Через две недели флагманский самолёт Водопьянова, на борту которого находилась четвёрка папанинцев, О. Ю. Шмидт и кинооператор, вылетел с о. Рудольфа на Северный полюс. Через 6,5 часов, 21 мая он произвёл посадку на льдине в 20 км за полюсом. Экипаж с четвёркой папанинцев быстро оборудовали лагерь и, хотя и с задержкой, установили радиосвязь с о. Рудольфа. Папанин в своём дневнике писал в этот день: «Льдина вполне пригодна для организации научной станции. Тут можно сделать отличный аэродром и принять самолёты Молокова, Мазу рука и Алексеева» (Папанин, 1977. С. 26).

Остальные три самолёта АНТ-6, вылетевшие к полюсу 25 мая под общим руководством М. И. Шевелёва, не смогли точно выйти на цель – сказалось слабое приборное оснащение и несовершенство методов навигации. Только В. С. Молоков, пройдя точку полюса, повернул по нужному меридиану и вскоре обнаружил лагерь Шмидта.

А. Д. Алексееву, испытавшему затруднения, порекомендовали по радио сесть на подходящую льдину, определить координаты и затем перелететь в лагерь (илл. 50).
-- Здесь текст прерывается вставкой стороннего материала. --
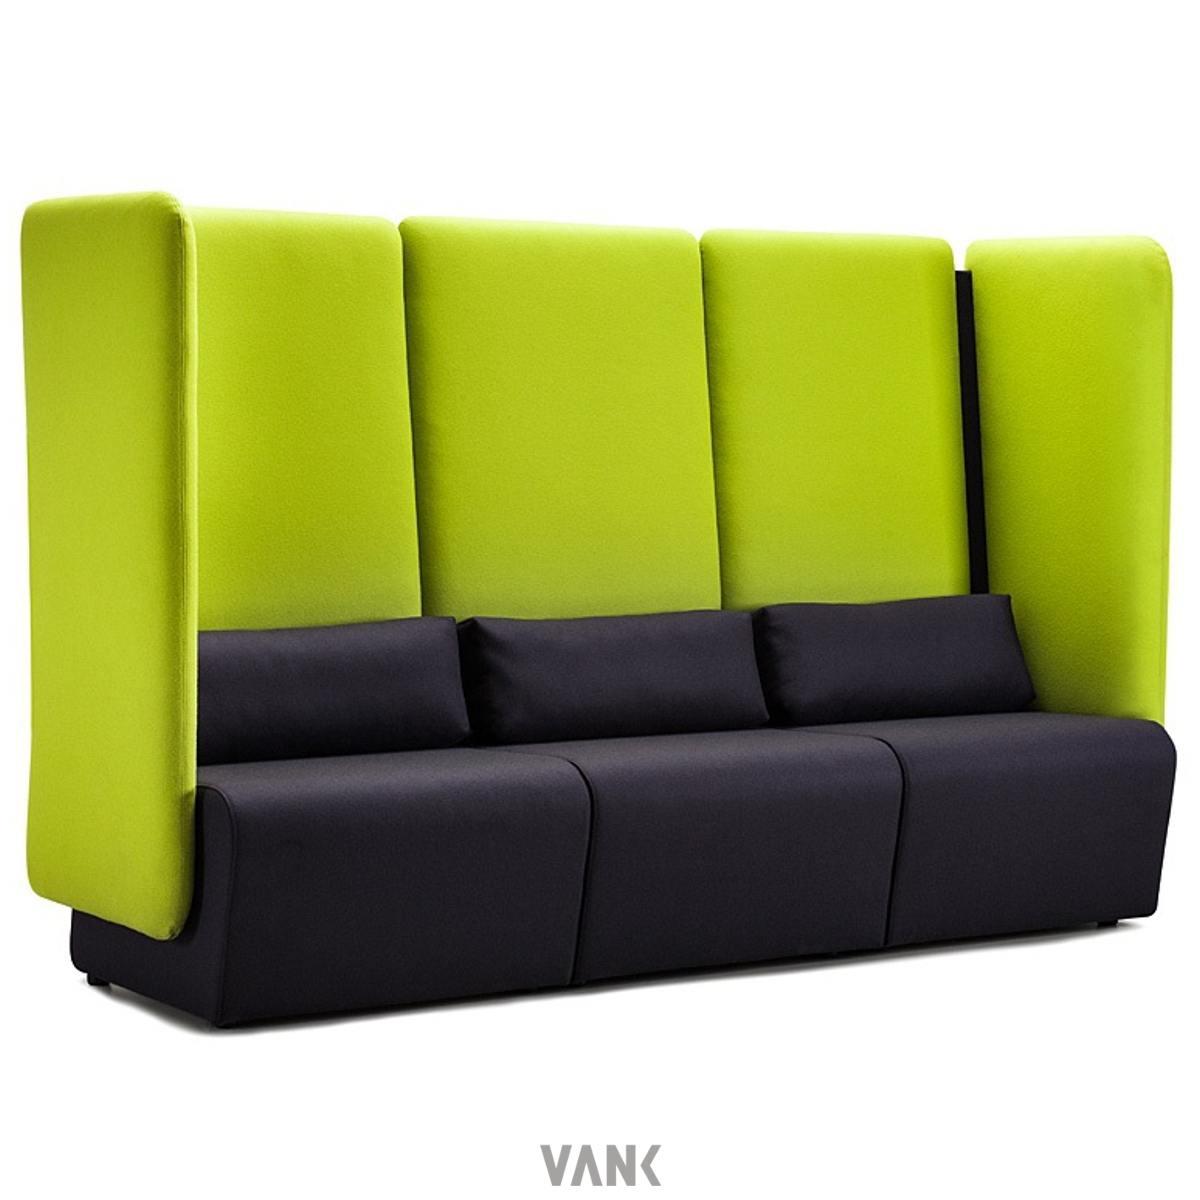 VANK-mont (3)

Шевелев сообщал: «Тов. Алексеев сообщил, что во время перелёта с острова Рудольфа на Северный полюс он шёл по правильному курсу от полюса на лагерь, но решил сесть, чтобы точнее определиться во избежание излишнего расхода горючего на поиски лагеря» (Восточно-Сибирская правда, 1937, № 124).
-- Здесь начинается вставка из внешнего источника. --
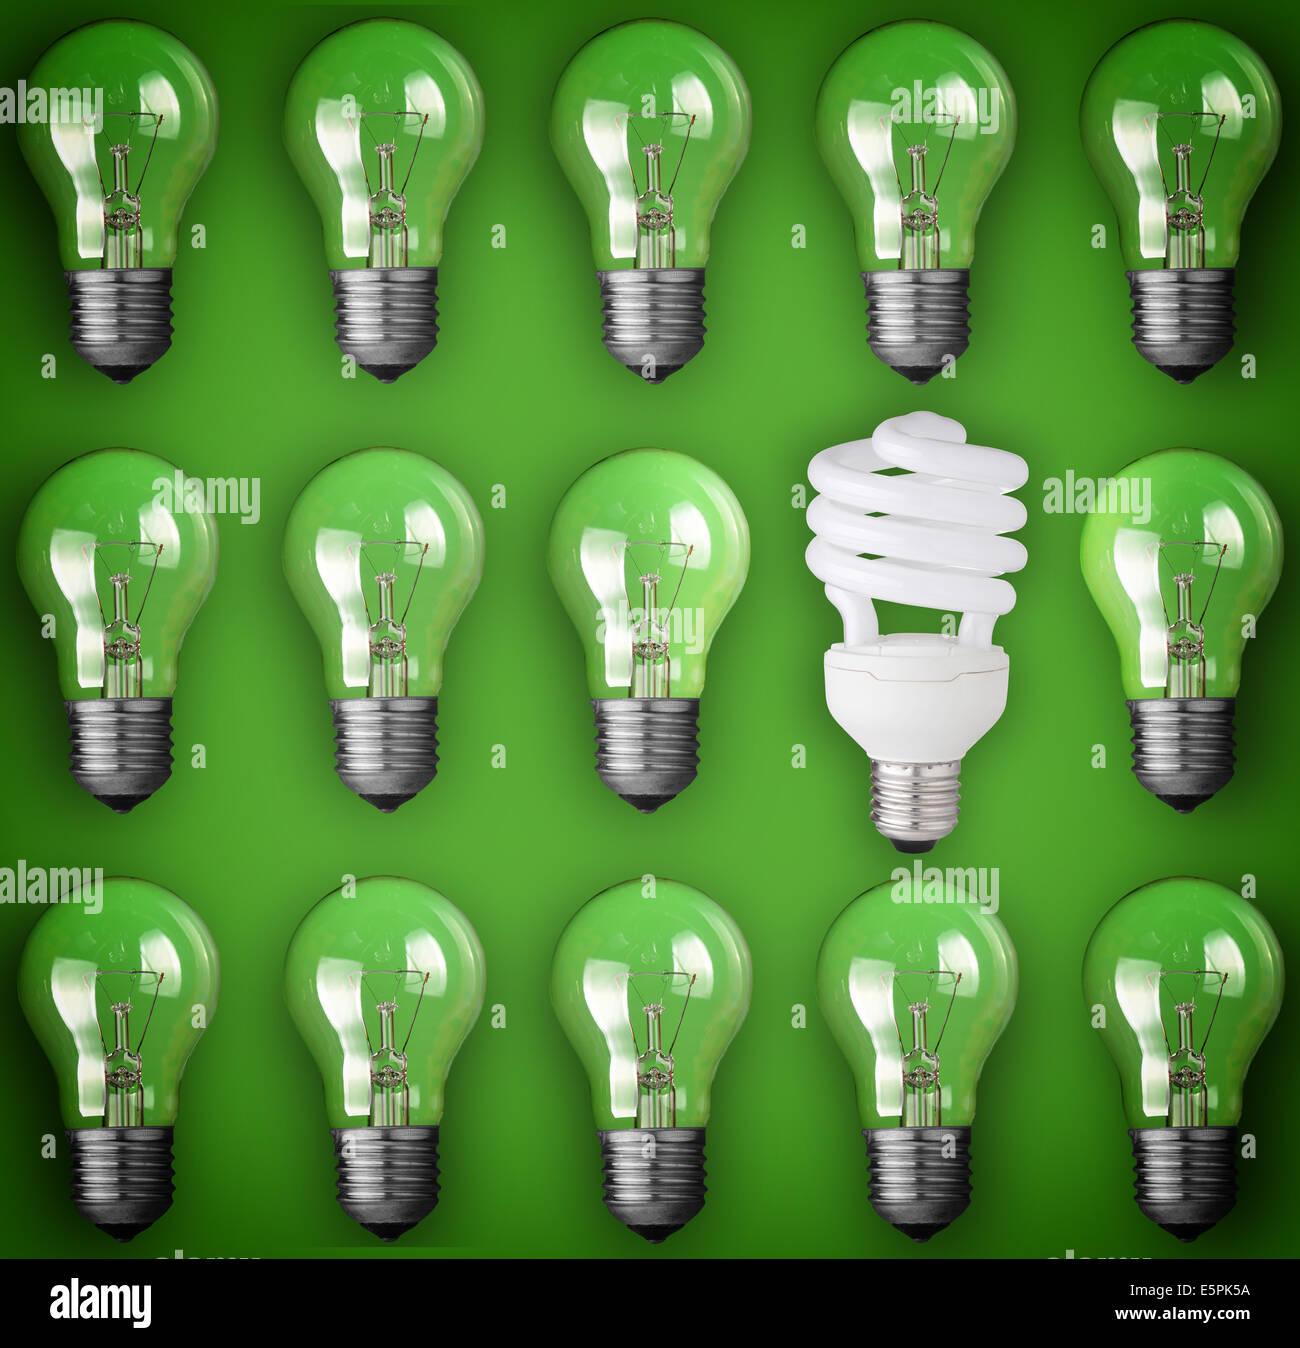 Idee-Konzept-Glühbirne Stockbild

Илл. 50. Полёт к Северному полюсу. Снимок с самолёта

А. Д. Алексеева (Н-172). Из домашнего архива Д. А. Алексеева


Самолёт «приледнился» примерно в 7 км от полюса. Шевелёв докладывал по радио в Москву: «Алексеев сел на место, где зимовка находилась третьего дня. Широта 89°50’, долгота 58°30’» (Бергавинов, 1937. С. 37). Алексеев сел «столь спокойно и расчётливо, точно садился на центральном аэродроме в Москве. Николай Михайлович Жуков неторопливо и внимательно определился, и затем кликнул по радио Стромилова. Тот откликнулся. Жуков сообщил лагерю, что у них всё в порядке и начата расчистка аэродрома для взлёта. Как только она будет закончена, самолёт Алексеева вылетит на соединение с эскадрой. (Забегая вперёд, следует указать, что Алексеев сел ближе всех к полюсу. Первое определение Жукова показало, что они находились от геометрической точки полюса всего в девяти милях к западу. Последующая сверка секстанта Жукова с точным теодолитом Федорова выяснила, что секстант ошибается на четыре минуты (минута равна миле), притом, как раз к западу. Таким образом, Алексеев сел всего в пяти милях от геометрической точки Северного полюса.) Стромилов ведёт регулярную связь с Жуковым. Штурман алексеевского самолёта информирует о плохой погоде; как только она улучшится, они вылетят к нам. Днём ветер стих, в облаках появились разрывы, потеплело (минус 8 градусов). Алексеев сообщил, что готовится лететь, мы настороженно ждали.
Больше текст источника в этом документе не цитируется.